If she could—for a peasant was one thing, but a knight trained in fighting was another.

"You shall regret that, my lass," Sir Hempen grated, "regret it now, and in my bed!"

"I shall never come to your bed, sir," she retorted.  "They who did hint that I might, did slander me most sorely."

"Most sore shall you be," he retorted, "but I doubt that you were slandered."  He gathered himself and charged, reaching.

She spun aside and swung her staff.

It caught him on the back of the head with a hollow knock, and he went sprawling.

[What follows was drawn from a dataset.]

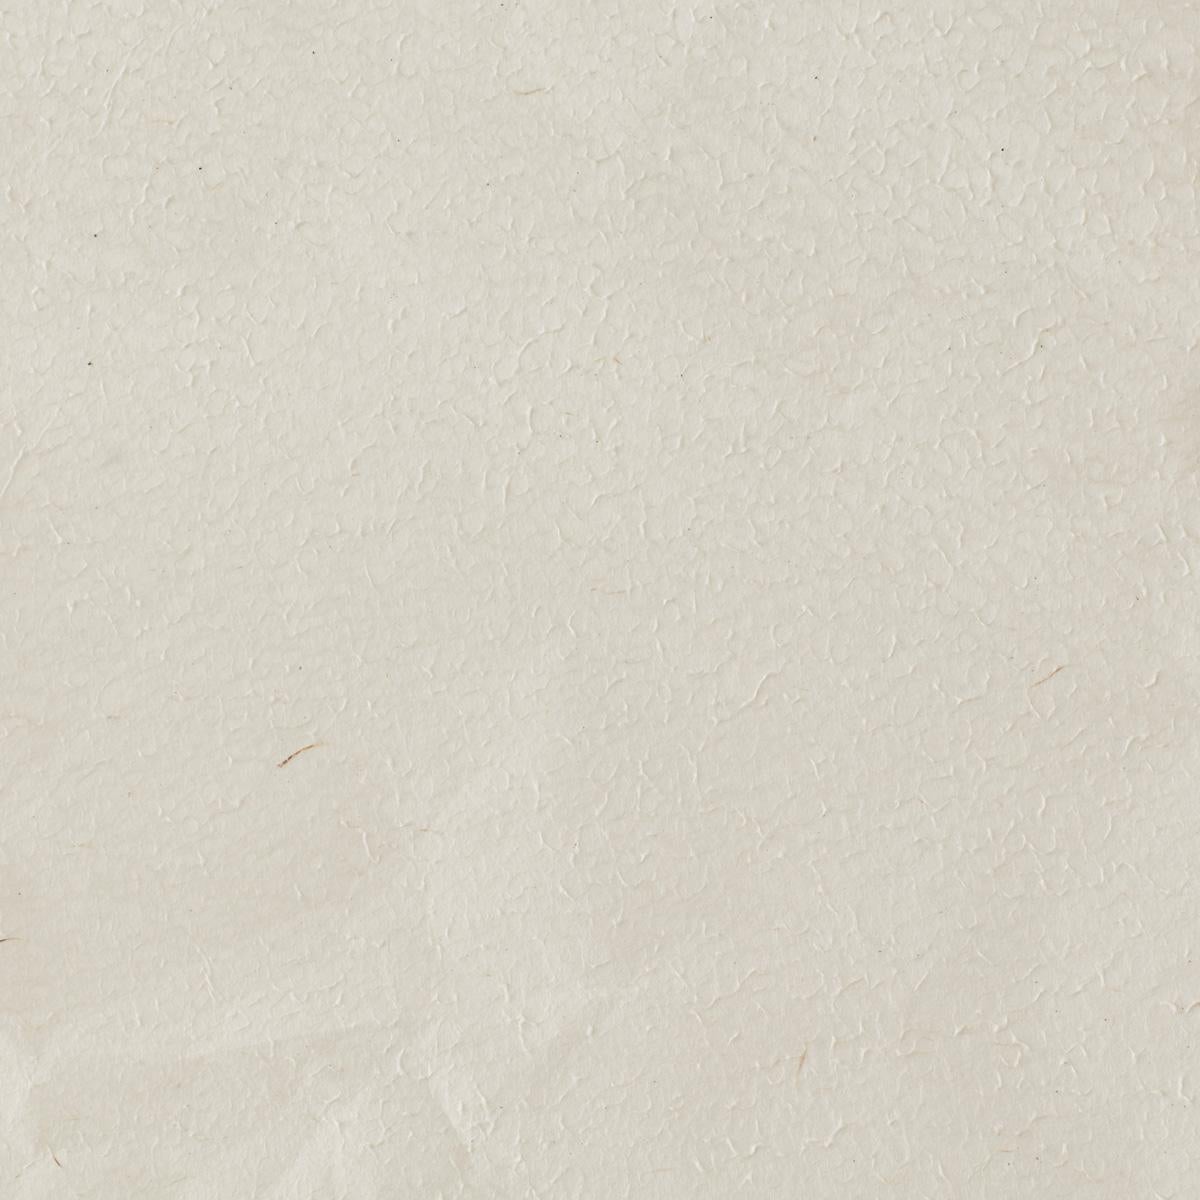 David Horan Paper floor light in polished finish for Béton Brut, UK, 2022 For Sale 1
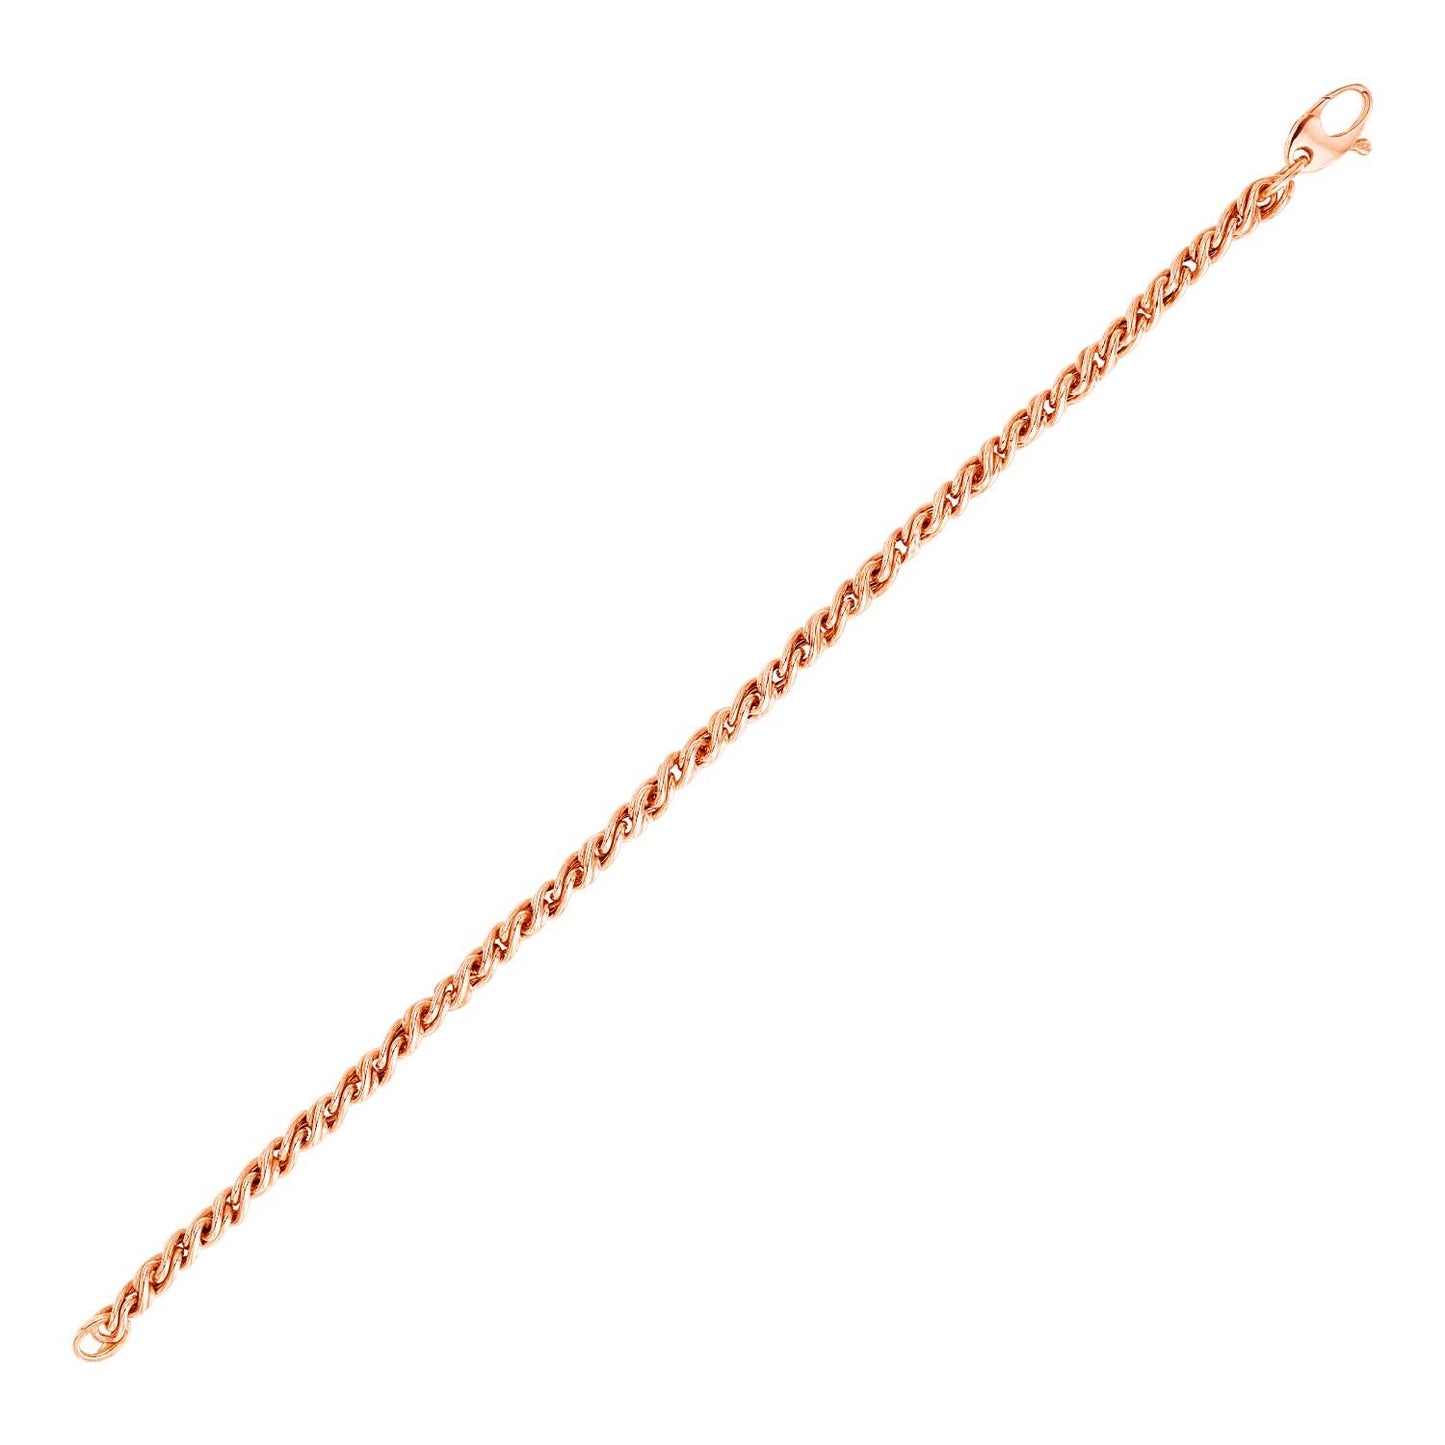 14k Rose Gold 7 1/2 inch Braid Link Bracelet

Jane stepped back and waited.  A single blow and a quick flight would not serve this time, she knew, for word might still reach her brothers, and fools of honor that they were, they would seek Sir Hempen out.  Worse, he would pursue her still, if not today, then another time, until they were bound to come against him.  The only chance was to stand and fight, and best him at his own game.